# Old Hoyt Treasure



## lentuk (Oct 21, 2012)

I forgot, its 45" ATA and has a 9.5 inch brace height, anyone know the model of this bow?


----------



## Toxo-Philite (Nov 17, 2015)

Cool find!


----------



## 2413gary (Apr 10, 2008)

Hoyt superstar 
Some were called supreme or meridian or carbon plus depending on the style of the limb. They also made a Prostar with a longer riser


----------



## jkrikken81 (Jul 28, 2013)

94 Superstar legacy. The first ever machined riser hoyt built. Still a great bow today.


----------



## lentuk (Oct 21, 2012)

Did some more shooting this morning, I heard a noise on my last shot, I guess this is why they discontinued these aluminum yokes.
Have to call Hoyt on Monday and see if they can help out.


----------



## 2413gary (Apr 10, 2008)

Just put a standard yoke system and you will be fine. Been a long time but 6" yoke and 40 to 41" cable . You will need the bushings that the yoke hang on.


----------



## lentuk (Oct 21, 2012)

OK but where do I get those parts?


----------



## eaglecaps (Nov 4, 2009)

I may have some.


----------



## PaHick (Dec 21, 2005)

Nice find.
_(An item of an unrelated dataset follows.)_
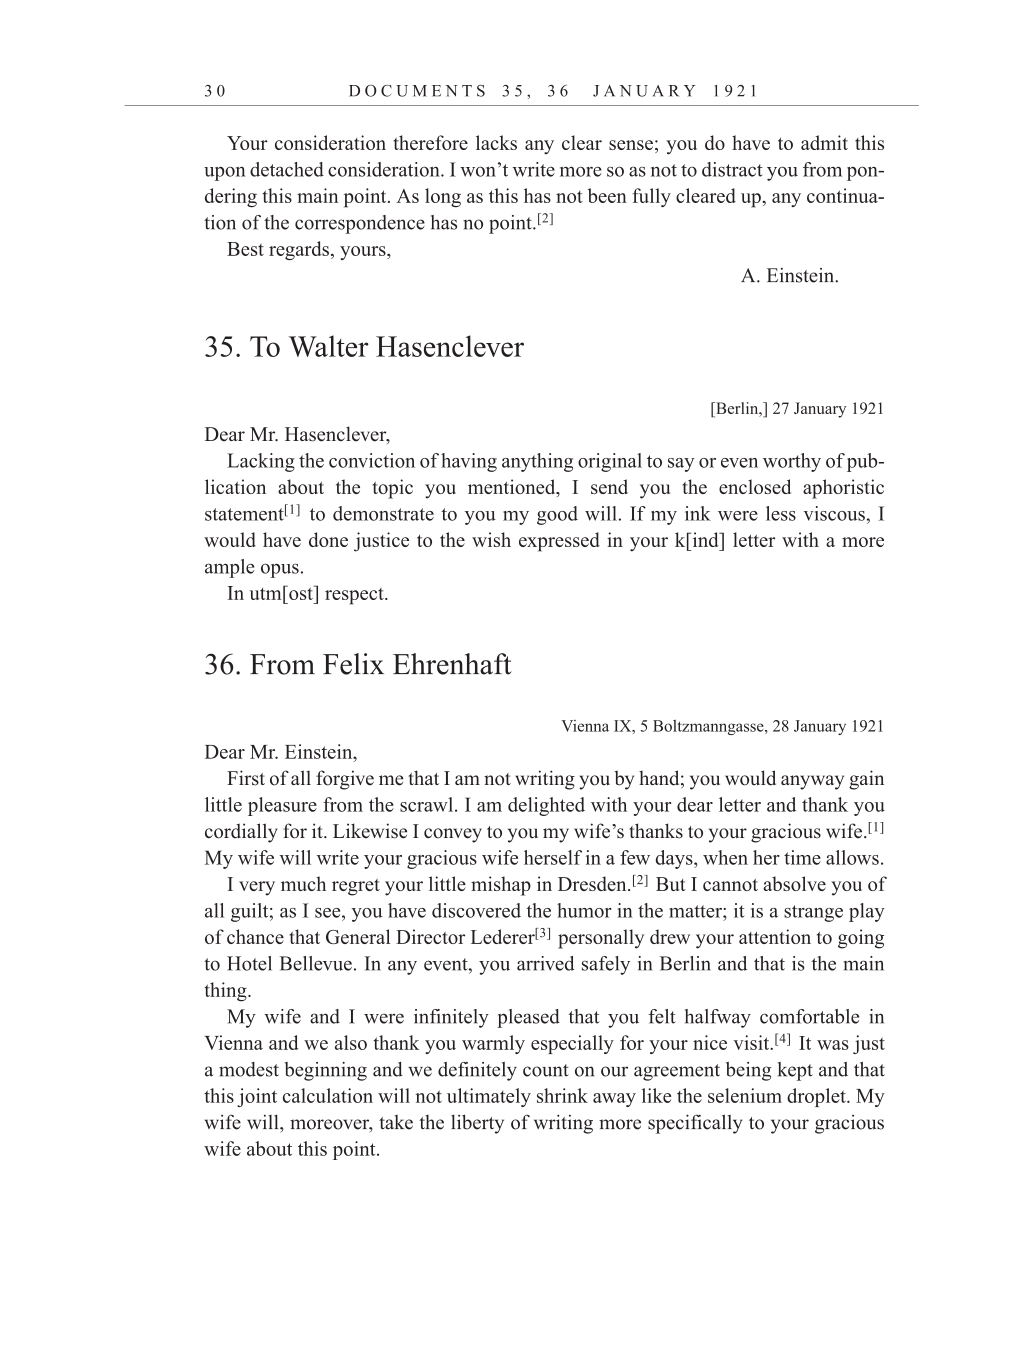 Volume 12: The Berlin Years: Correspondence, January-December 1921 (English translation supplement) page 30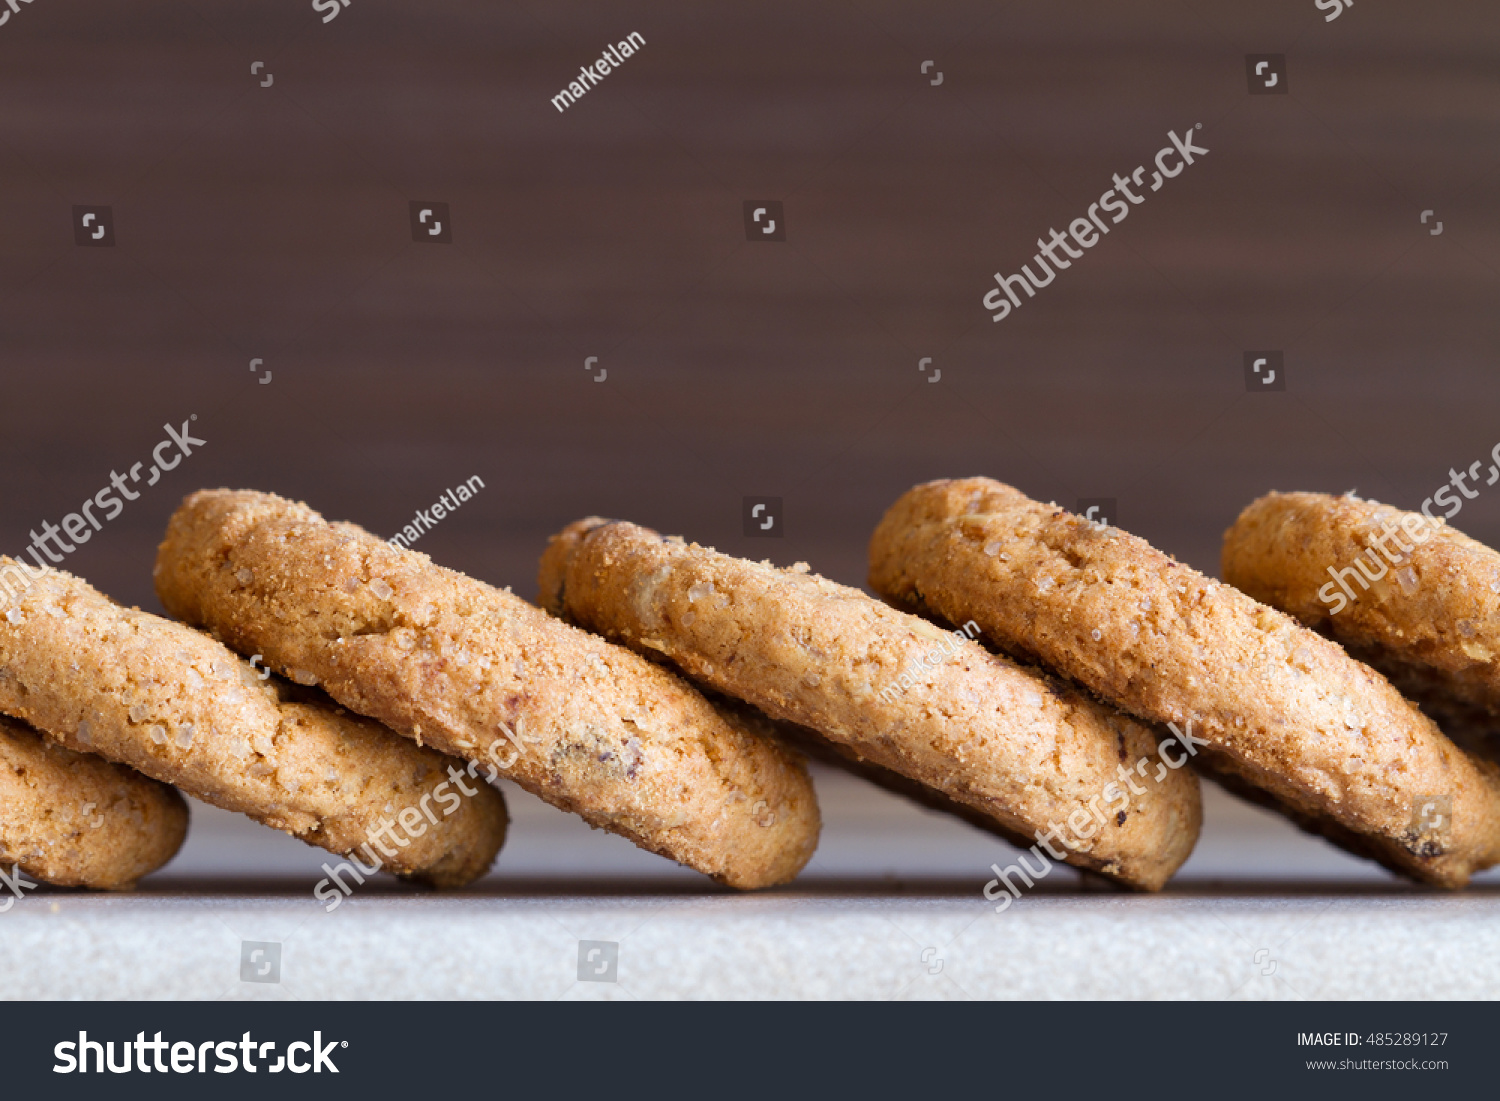 Several chocolate chip cookies on dark background. Close-up #485289127

Always wanted one of the old brown riser hoyts


----------



## lentuk (Oct 21, 2012)

I just bought a Superstar Fastflight also, I really like the feel of these bows, they are vintage like me.


----------



## granite14 (Nov 10, 2014)

this isn't the one on Portland craigslist was it?


----------



## lentuk (Oct 21, 2012)

Nope, San Diego


----------



## lentuk (Oct 21, 2012)

Big thanks to forum member eaglecaps for getting me a set of vintage Hoyt axels to complete my conversion, and thank you 60X strings for making a complete set of strings and cables.
This bow is awesome, super forgiving and smooth at 45 inches ATA with a 9 inch brace height, I'm blowing off arrow nocks every time I shoot it.
I was going to buy a new Barnsdale but this old Hoyt just feels right to me.


----------



## jkrikken81 (Jul 28, 2013)

Thry don't make them like they use to.


----------



## jkrikken81 (Jul 28, 2013)

My new/old rig!


----------



## lentuk (Oct 21, 2012)

Great bows, anybody else have one?


----------



## timber7 (Oct 2, 2014)

Hey I'm in the process of getting one. If it comes through I ll let you know


----------



## Thumbs (Sep 8, 2013)

Hi I have a SuperStar Meridian. 45.75" ata. It's Hawaiian camo, black pink and turquoise. Glossy white limbs.
There is no middle of the road with this color scheme you either love it or hate it. It had a string yokes on it.
I couldn't get the pics to post, I'll try again later.
Thumbs


----------